Yeah I feel so ashamed of myself, so I only leave the house when absolutely necessary. I quit uni and my job recently because I feel so repulsive. I feel ashamed and ugly yet I can't stop looking in the mirror and torturing myself.


----------



## Crystalline (Dec 1, 2008)

People say I'm pretty but compared to some of the girls around here (SF) I feel pretty ugly.


----------



## Cashew (May 30, 2010)

Yes, seeing pretty ladies always makes me rethink how I look, and then I get all bummed that I can't figure out how to look better.


----------



## DeeperUnderstanding (May 19, 2007)

I feel like they will find me ugly, and not want to date me.


----------



## Fair Lady (Jul 3, 2012)

Yes, I feel like they think I should hide in the forest and don't show my face in public because I disgust people.


----------



## ravens (Aug 31, 2011)

WintersTale said:


> I feel like they will find me ugly, and not want to date me.


I feel the same way.


----------



## CoolSauce (Mar 6, 2012)

If I didn't have these scars from years and years of scratching and squeezing out pimples and zits I would probably feel a lot better but as of now when I'm in public I can only think 'everybody's skin is so smooth'. Talking to attractive women makes me feel really bad too and I'm often afraid that people will comment on my skin. (it has happened before and it's traumatizing. I pretend to shake it off but it actually hurt me a lot).
It probably doesn't look as horrid as I described above but my younger brother used to say I had a 'pimple beard' (before he got acne himself) and I'd say he was pretty spot-on.


----------



## GuyMontag (Dec 12, 2010)

Yes, I feel like a degenerate when I pass pretty women.


----------



## gusstaf (Jan 1, 2012)

I feel ashamed for not being as attractive as they are. And then I feel even more ashamed for being jealous of someone else's physical appearance. Basically, a big cycle of shame.


----------



## RelinquishedHell (Apr 10, 2012)

As soon as a pretty girl comes near me I get really tensed up, and I start to feel like there is something messed up about my appearance. I also feel as if they are judging me more than other people do. I also immediately start to feel like a loser.


----------



## Doomed (Jul 29, 2012)

Why does standing next to an attractive person make you feel bad? Beauty is in the eye of the beholder.
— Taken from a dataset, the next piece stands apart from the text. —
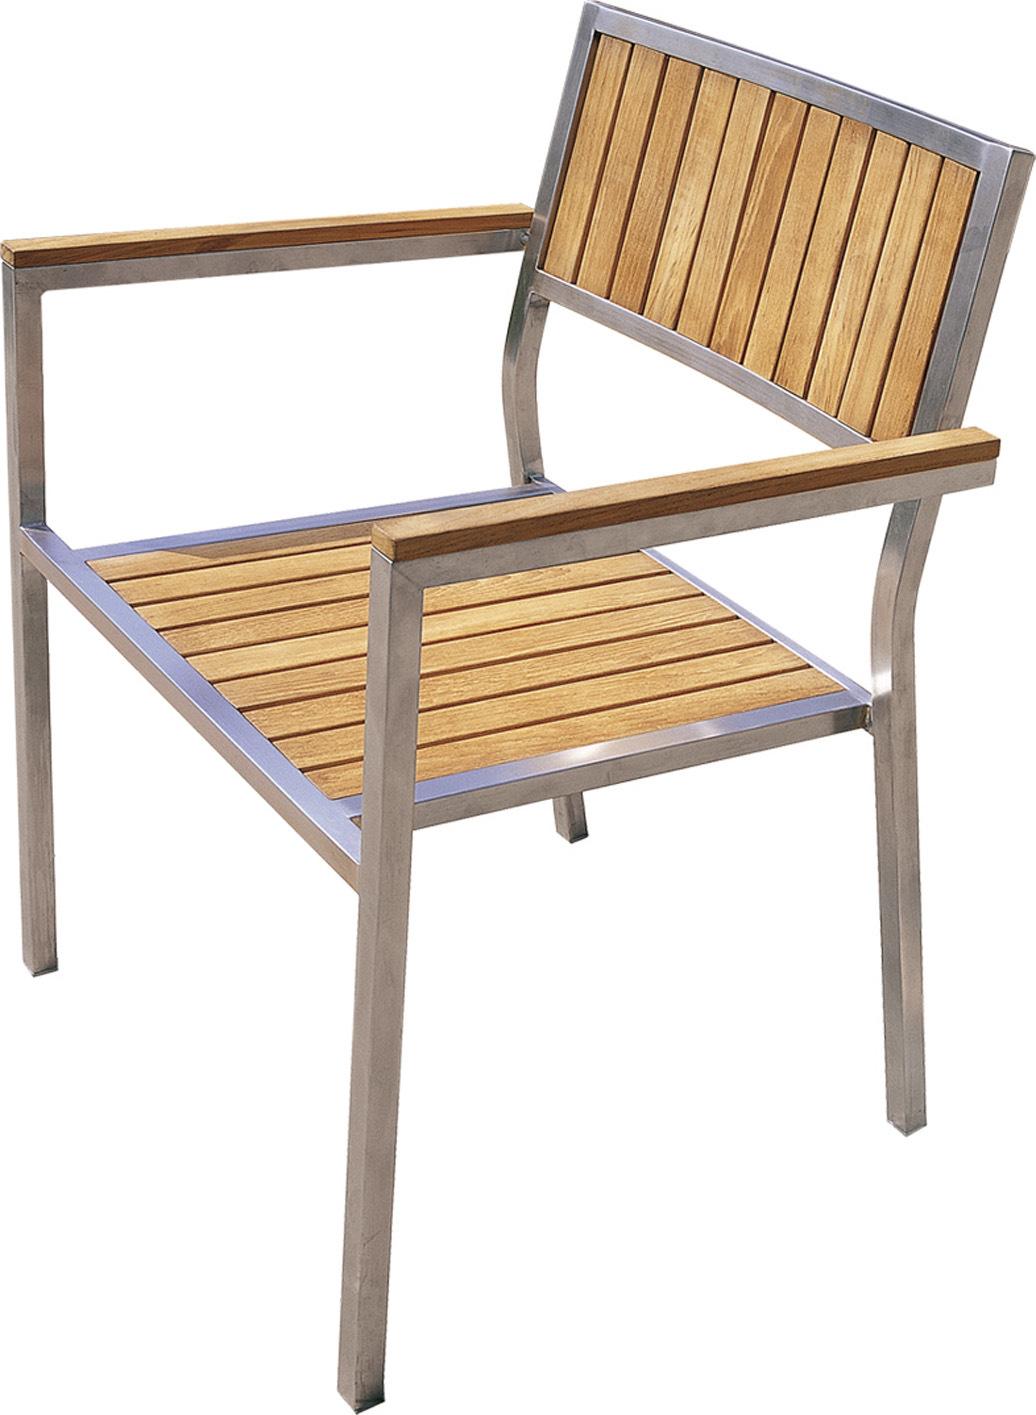 Garden Furniture Dubai Hot Sale Teak Wood Dining Set

Insecure people are not immune to random bouts of insecurity. Your self-confidence is extremely low for you to be thinking this way. You are not in any way inferior or less of a person because the girls next to you are better looking (and who determines if they are better looking?)
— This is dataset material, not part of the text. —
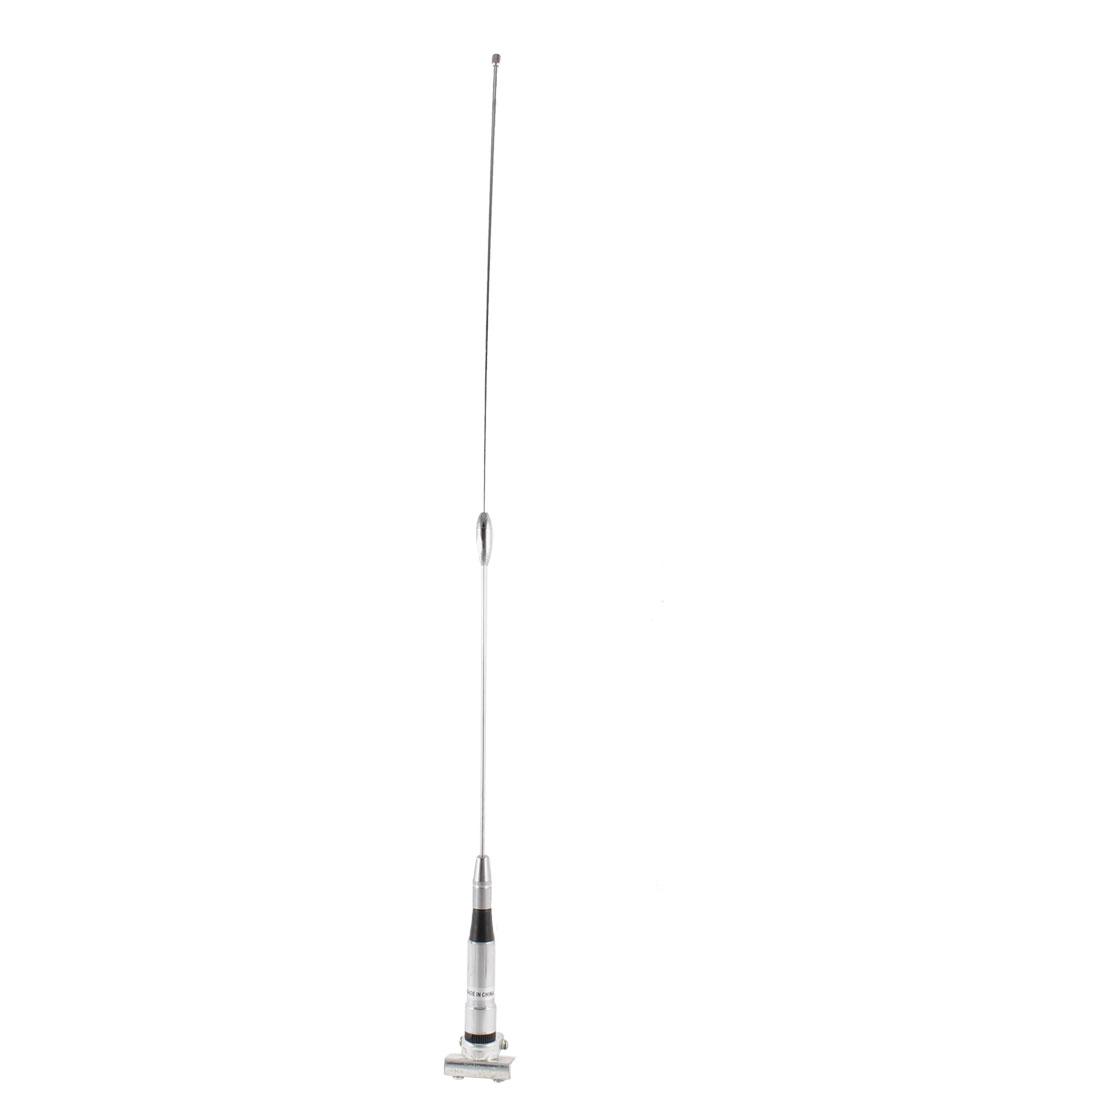 "Metal Base Car Truck Radio FM AM Assist Antenna 22.8"" Length Pole Silver Tone"

I'll admit that being attractive in our society is a plus. Beautiful women and men are treated better. They model expensive clothes and sell an image of perfection. But each of us know that perfection doesn't exist, and it's created by advertisers and agencies to buy their products and chase an unattainable lifestyle. And we also forget that models spend three hours in makeup, taking hundreds of photographs that are shopped to remove blemishes, wrinkles and any indicators that the model is human, and have dedicated trainers and meal professionals to help them achieve their body. 

Why do you need approval from complete strangers? Surely you have other special qualities and talents that make you not only desirable to men, but that make you a wonderful PERSON. Your physical appearance is what you naturally maintain by eating a proper diet with moderate exercise, yoga and meditation. But your character is what defines who you are, and if you allow that low self-confidence to steal it, then you are doomed. What's the point of living if you are spending the majority of it worried about what the person next to you thinks of your appearance? 
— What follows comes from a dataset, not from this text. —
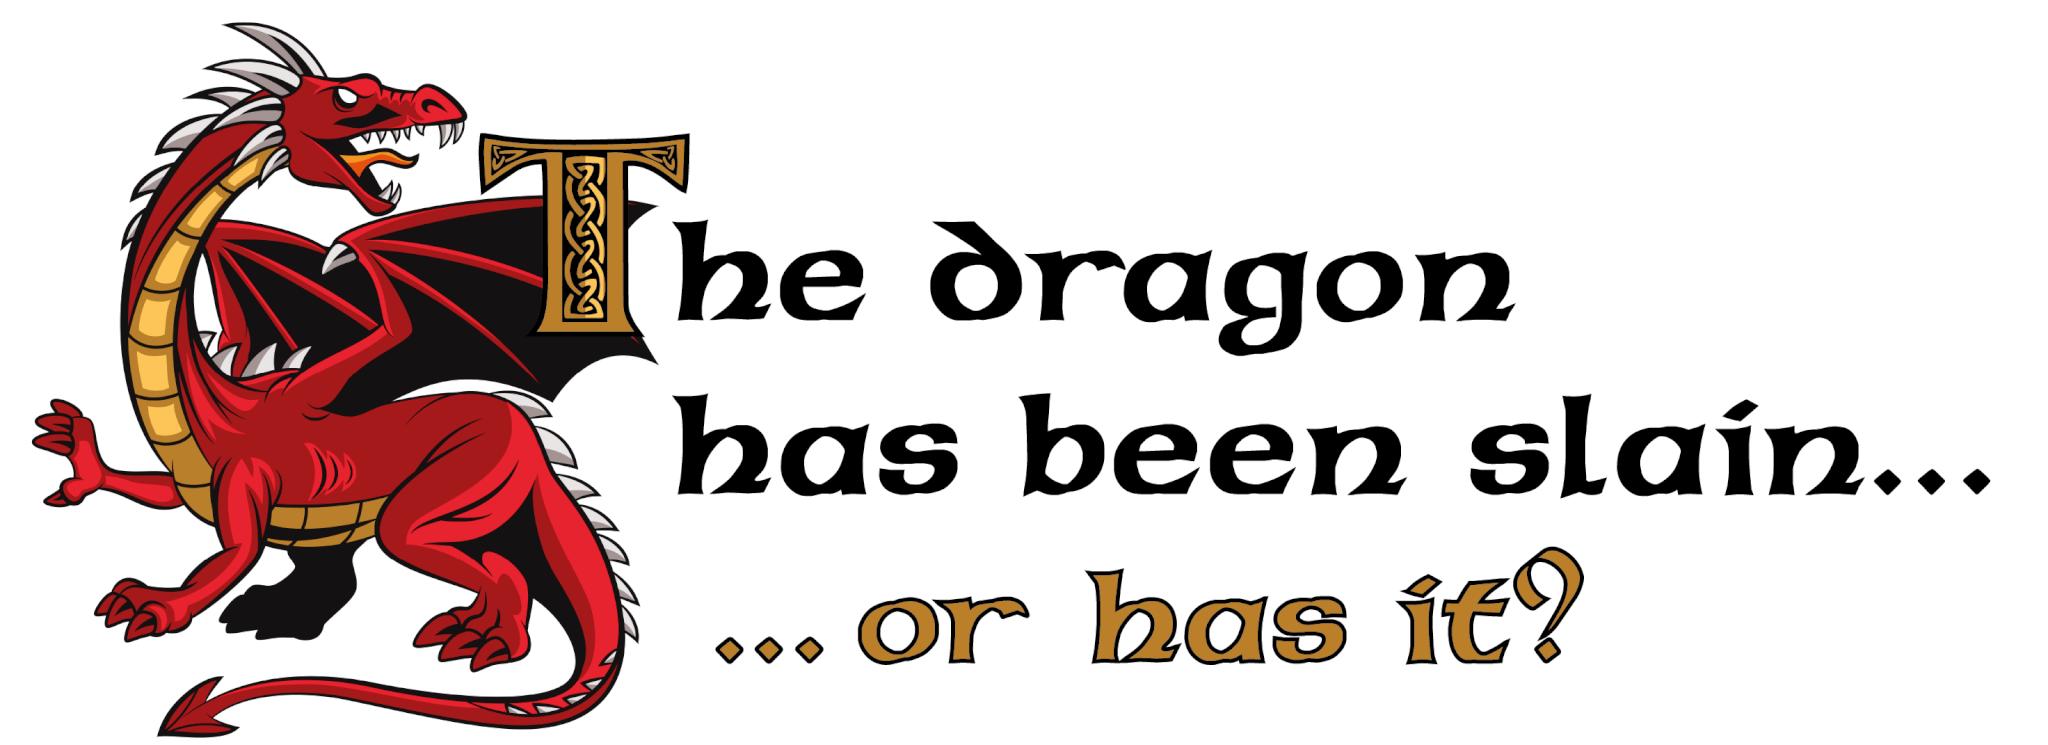 HiLo_Agency_Blog_EN_stage_fright_dragon

All of us were given control over the direction of our lives, and how we spend our time today will determine how large the pile of regret will be in our final years.


----------



## Freiheit (Dec 8, 2008)

Not really around pretty girls but ones with specific features that I'm envious of that I lack such as large tits, butt, and big eyes. Also ones with flawless skin and cute noses.


----------



## BrookeHannigan (Mar 29, 2012)

nah..define pretty
like someone above already said pretty and beautiful and ugly is perpective and such a wide range, beauty is in the eye of the beholder,
sometimes im jealous of girls with mature features...
I have a baby face and everything is round and short and so eww :/
but I dont feel ugly or ashamed around ''mature faced'' girls...
I feel ugly around everyone.


----------



## Monroee (Aug 26, 2009)

Yes, I definitely feel ugly and undesirable when I see other pretty girls. Jealousy is a b-tch.


----------



## meeps (Dec 5, 2011)

yep


----------



## Strwbrry (Jun 28, 2012)

Yes.
I know beauty is in the eye of the beholder and stuff, but I CANT help feeling selfconsious around people my age.
Luckily most of the time I manage to ignore that feeling.


----------



## blc1 (Jan 8, 2009)

Yes, I feel ashamed, like they are all more feminine and desirable. I don't really feel resentful though, just inadequate.


----------



## DeeperUnderstanding (May 19, 2007)

I need to stop feeling this way. It isn't productive.


----------



## Boring Loser (Oct 21, 2011)

Yes. I feel like crap because they have nice skin, nice hair, nice teeth. I don't have any of that and probably never will. What's worse is how they dress compared to how i dress. They wear clothes that look good, and I probably look like a bum. I don't want to be a pretty person, but being around them makes me feel inferior sometimes.


----------



## Karuni (Jun 26, 2011)

Absolutely. I know I don't even remotely compare to most girls my age. I have a ton of scars/redness on my face from acne (darn compulsive skin picking), and I try to wear concealer when I can to hide it but it always rubs off. Not trying to start a gender war deal, but I feel like a girl with bad skin who can't hide it is judged more harshly than a guy. I'm hardly feminine (I dress just t-shirt/jeans and that's it usually) and add in the awkwardness/SA, and I'm the ultimate male repellent. 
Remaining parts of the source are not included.